Dear Diary, Jan. 3/85
Today was good. Me and mom walked down to Mary's and walked up to the post office. Then I went to auntie Iona's to visit and Stephanie is really sick. Poor kid. Auntie Iona might be pregnant again. We had liver for supper! It was good. Then after supper I went out side to help dad put wood down, he showed me how to chop wood. And he got me so I wouldn't be scared if he threw a piece of wood at me. I mean when we are piling it and he kind of throws it at me then I pile it. School starts on the 7th and my skiing lessons start on the 5th. I get to miss half a day of school on the eleventh. I have to go to the dentist.
See you later.
Today I actually got out my diary and wrote in it. Lately... I have been living from inside my head. I've known about this phenomenon for years. Yet, I still can't seem to stay present. I call it a phenomenon because it is a situation that exists but its cause or explanation is still a question for me.

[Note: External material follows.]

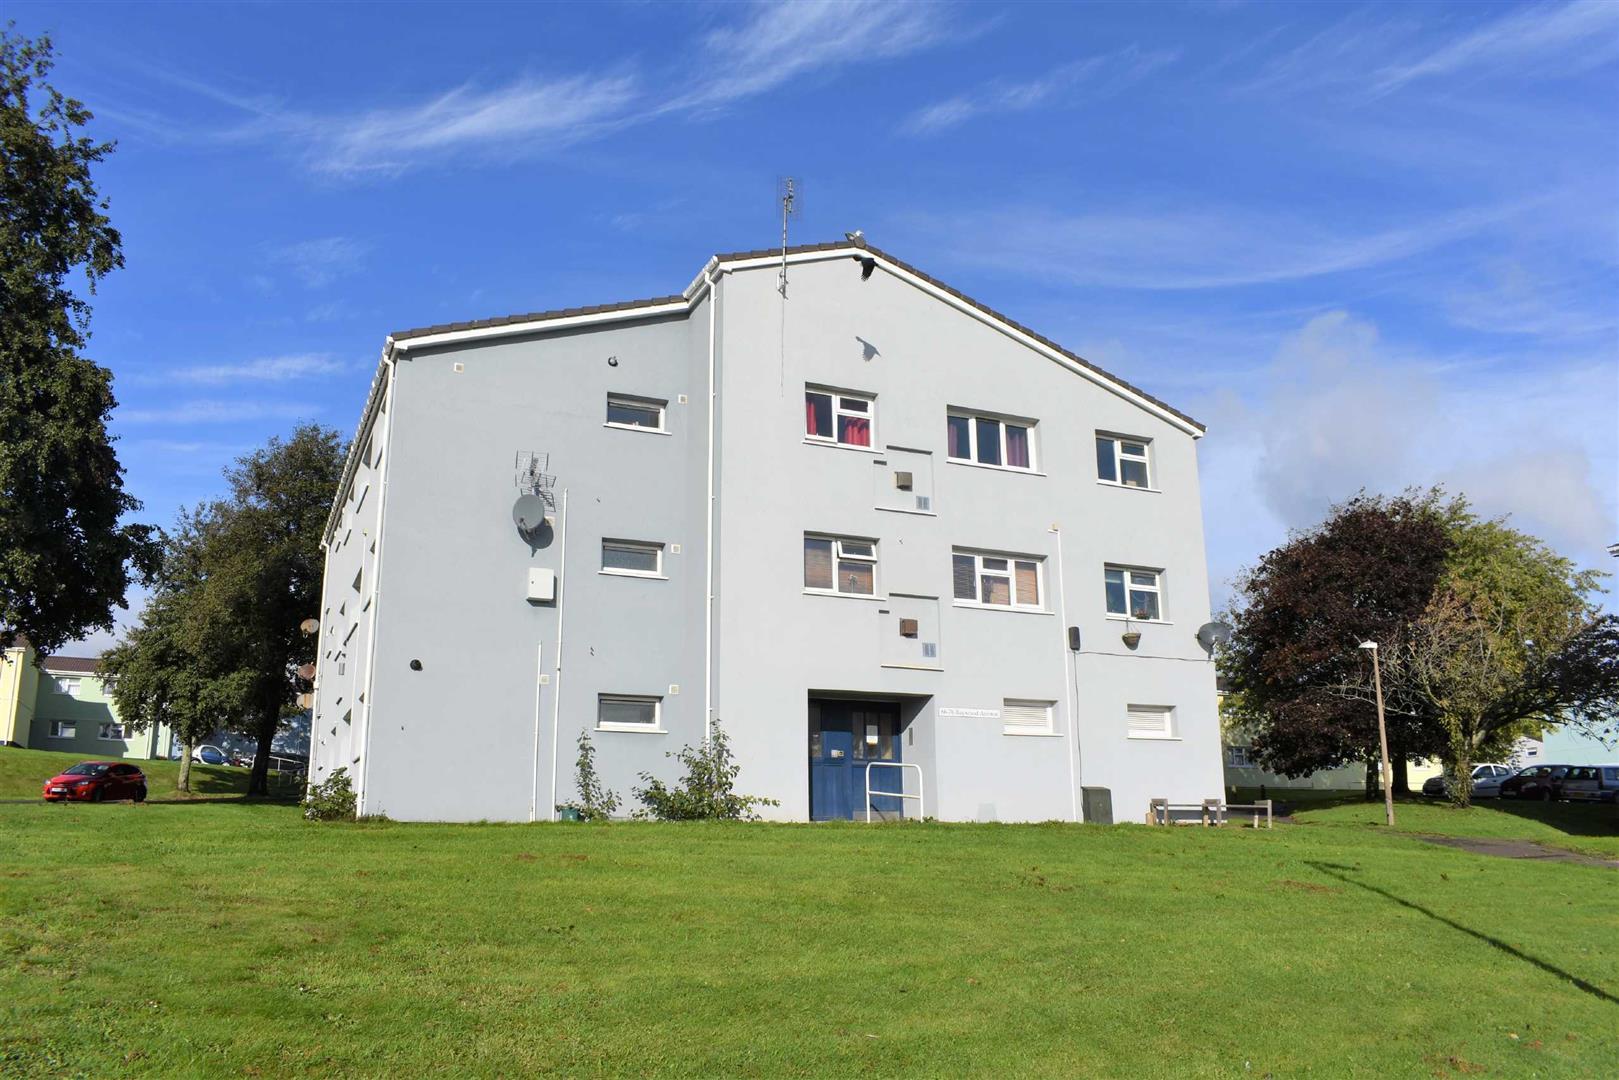 Baywood Avenue, West Cross, Swansea, SA3 5LW
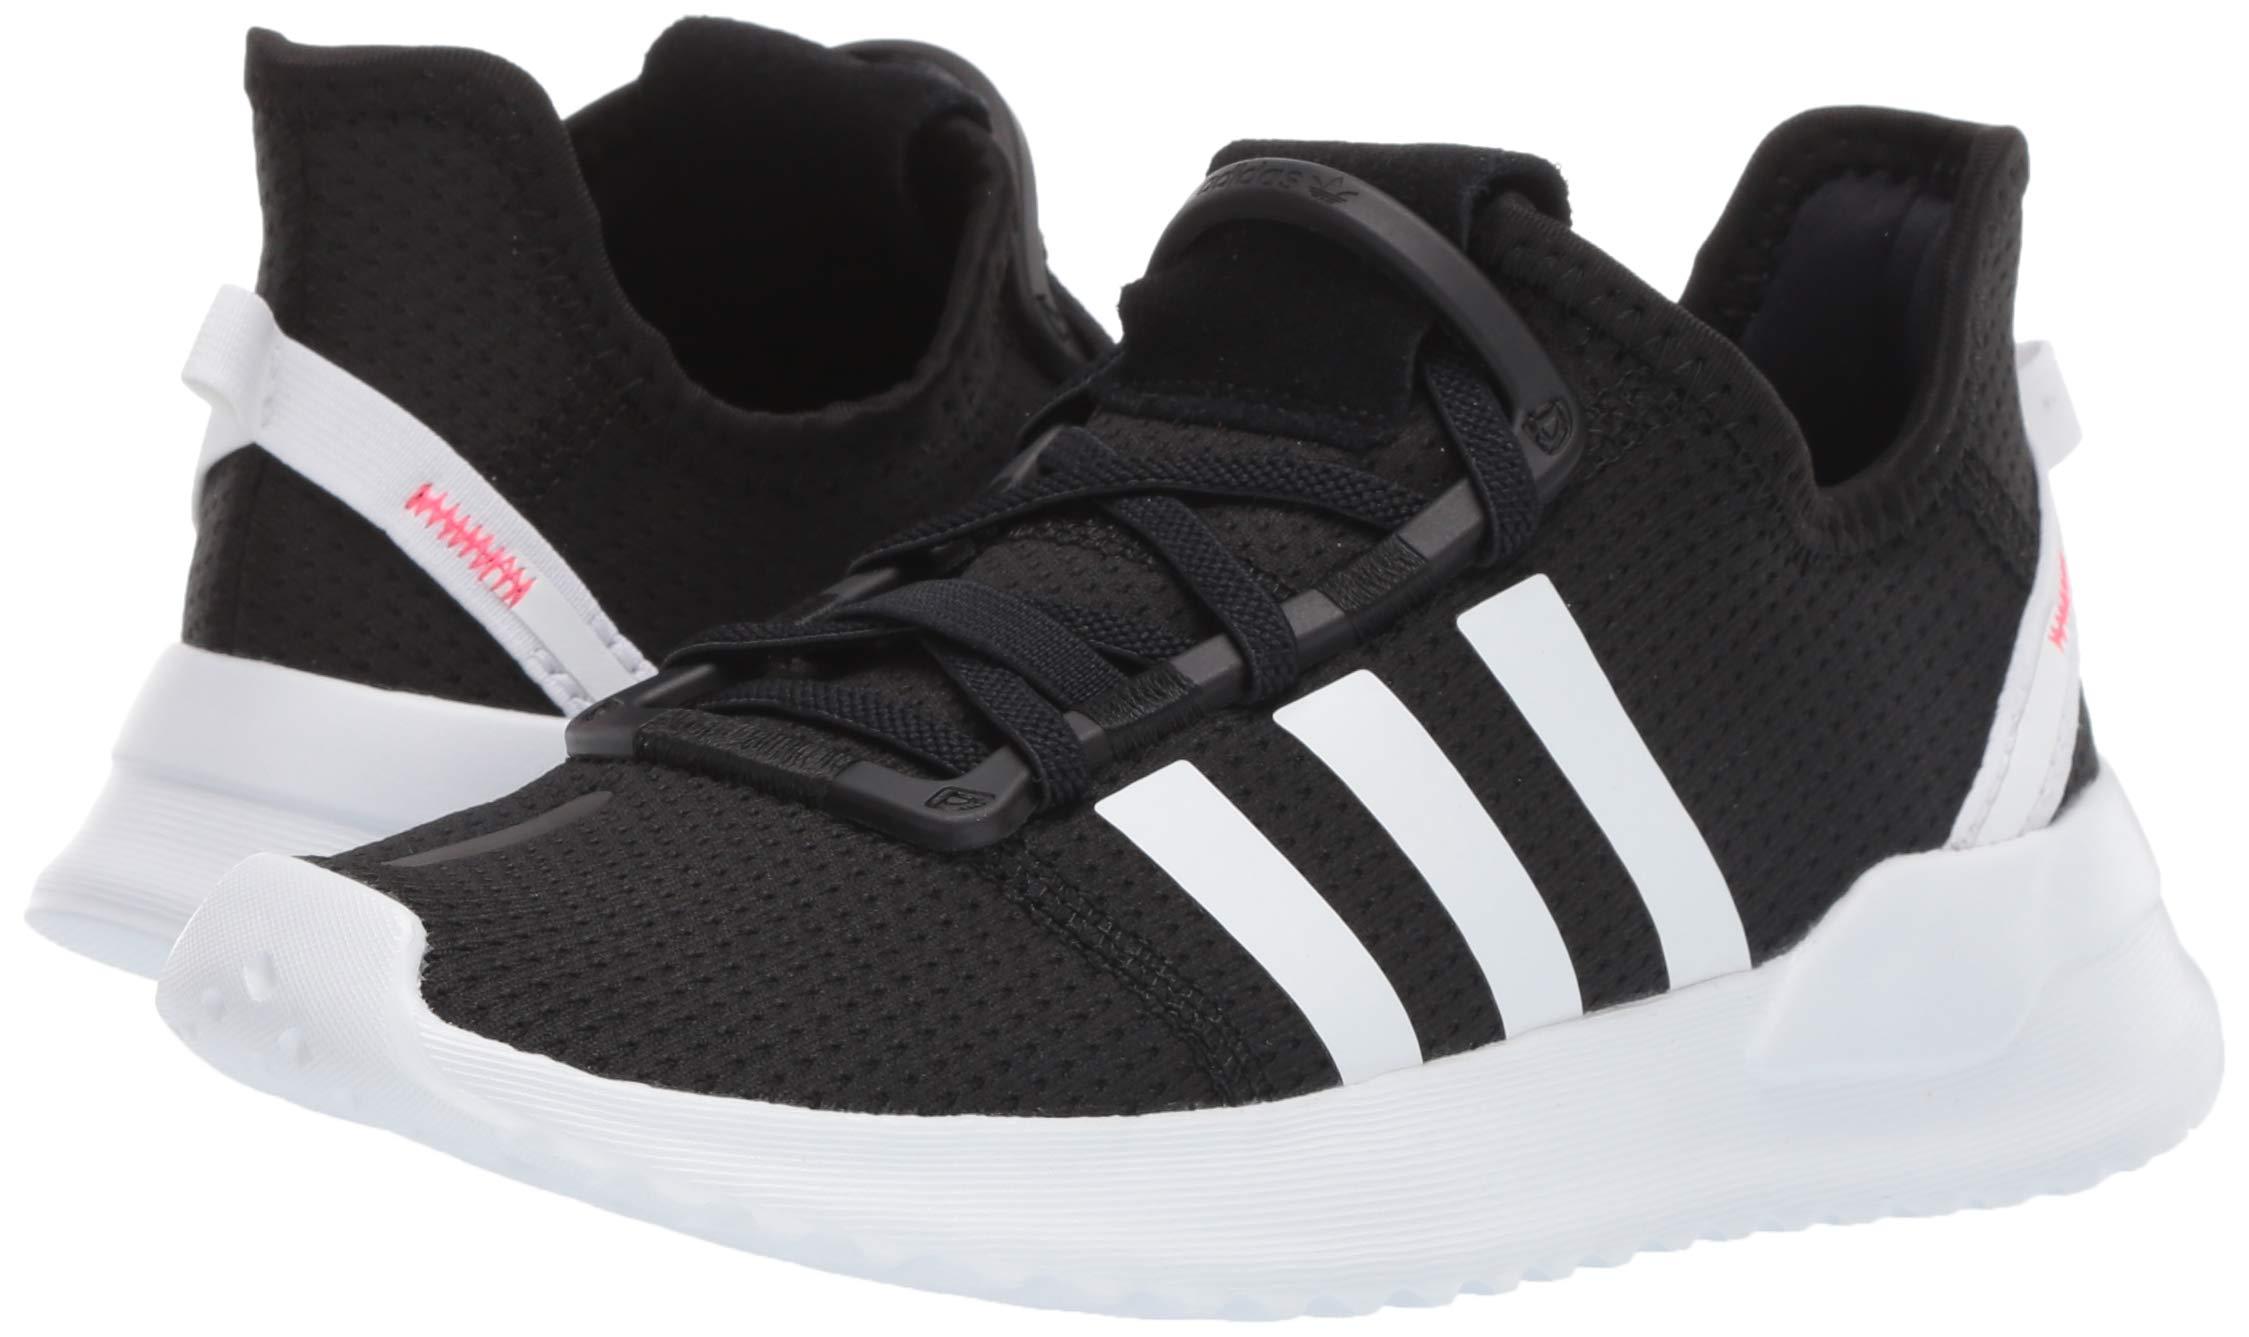 adidas Originals Baby U_Path Running Shoe Black/White/Shock red 6K M US Toddler by adidas Originals (Image #6)

How and WHY more importantly would anyone want to live their lives according to what that crusty ol' fart has to say in there? So ya, it's a phenomenon for me.
After journalling today and reflecting on all of the 'why the fuck do I do that?'s I came up with a smidgen of clarity.
I don't feel like sharing about the details but just wanted to let anyone else know that they are not alone if they are feeling the same way.
Btw.. My Momma makes THE best liver and onions.